Schmid Matthias, Hothorn Torsten
1Institut für Medizininformatik, Biometrie und Epidemiologie, Friedrich-Alexander-Universität Erlangen-Nürnberg, Waldstrasse 6, D-91054 Erlangen, Germany.
BMC Bioinformatics. 2008 Jun 6;9:269. doi: 10.1186/1471-2105-9-269.
When boosting algorithms are used for building survival models from high-dimensional data, it is common to fit a Cox proportional hazards model or to use least squares techniques for fitting semiparametric accelerated failure time models. There are cases, however, where fitting a fully parametric accelerated failure time model is a good alternative to these methods, especially when the proportional hazards assumption is not justified. Boosting algorithms for the estimation of parametric accelerated failure time models have not been developed so far, since these models require the estimation of a model-specific scale parameter which traditional boosting algorithms are not able to deal with.
We introduce a new boosting algorithm for censored time-to-event data which is suitable for fitting parametric accelerated failure time models. Estimation of the predictor function is carried out simultaneously with the estimation of the scale parameter, so that the negative log likelihood of the survival distribution can be used as a loss function for the boosting algorithm. The estimation of the scale parameter does not affect the favorable properties of boosting with respect to variable selection.
The analysis of a high-dimensional set of microarray data demonstrates that the new algorithm is able to outperform boosting with the Cox partial likelihood when the proportional hazards assumption is questionable. In low-dimensional settings, i.e., when classical likelihood estimation of a parametric accelerated failure time model is possible, simulations show that the new boosting algorithm closely approximates the estimates obtained from the maximum likelihood method.

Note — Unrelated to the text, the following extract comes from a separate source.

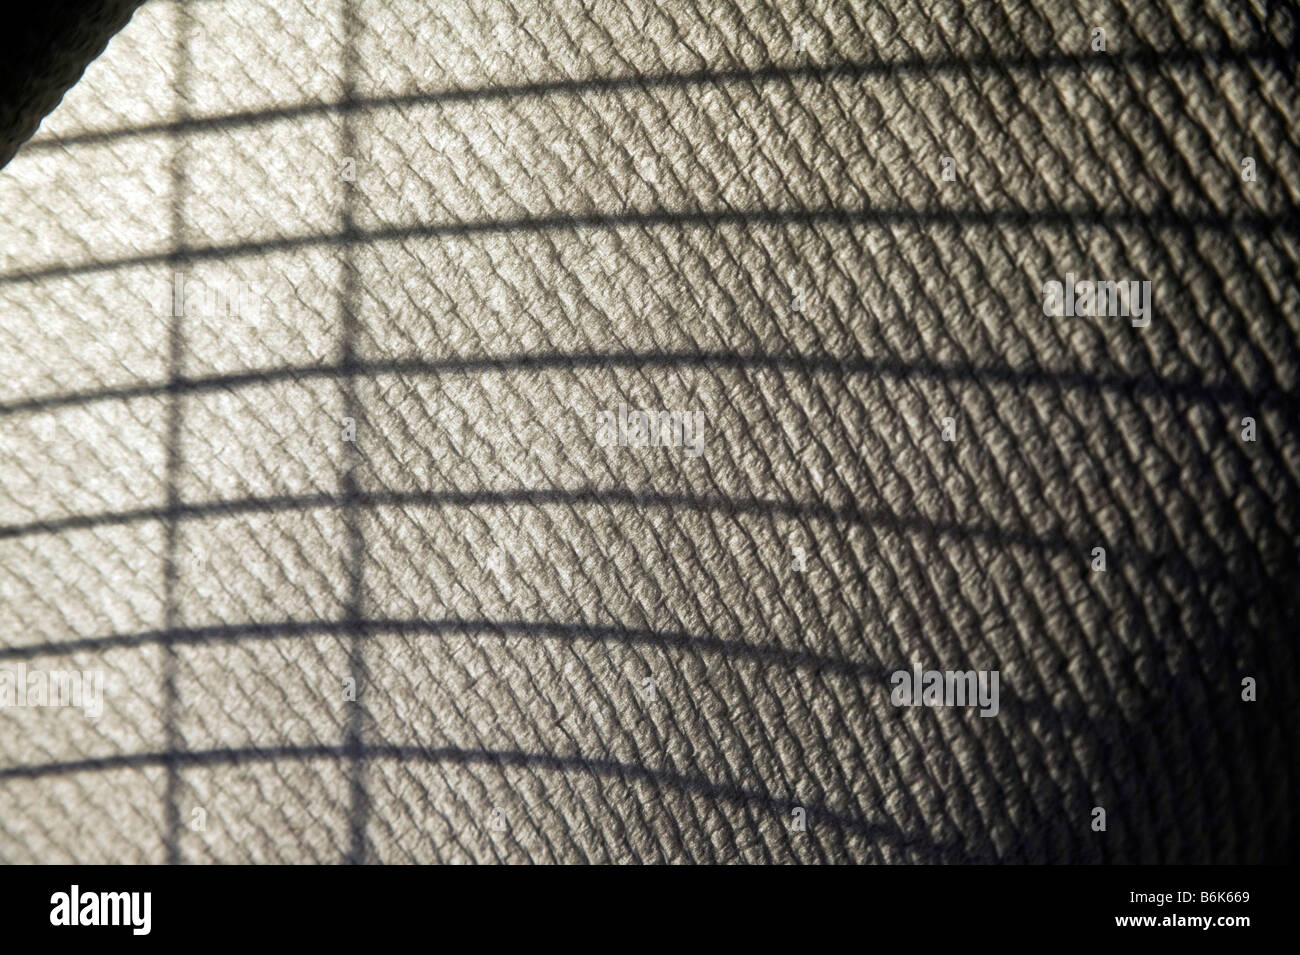 Sunlight streaming through venetian blinds create a striped pattern of shadows on a roll of paper towels. Stock Photo

当使用提升算法从高维数据构建生存模型时,通常会拟合Cox比例风险模型或使用最小二乘法技术来拟合半参数加速失效时间模型。然而,在某些情况下,拟合完全参数化的加速失效时间模型是这些方法的一个很好的替代方案,特别是当比例风险假设不合理时。到目前为止,尚未开发用于估计参数加速失效时间模型的提升算法,因为这些模型需要估计特定于模型的尺度参数,而传统的提升算法无法处理该参数。
我们引入了一种新的用于删失事件发生时间数据的提升算法,该算法适用于拟合参数加速失效时间模型。预测函数的估计与尺度参数的估计同时进行,因此生存分布的负对数似然可以用作提升算法的损失函数。尺度参数的估计不会影响提升在变量选择方面的良好性质。
对一组高维微阵列数据的分析表明,当比例风险假设存在疑问时,新算法能够优于使用Cox偏似然的提升算法。在低维情况下,即当可以对参数加速失效时间模型进行经典似然估计时,模拟表明新的提升算法与从最大似然法获得的估计值非常接近。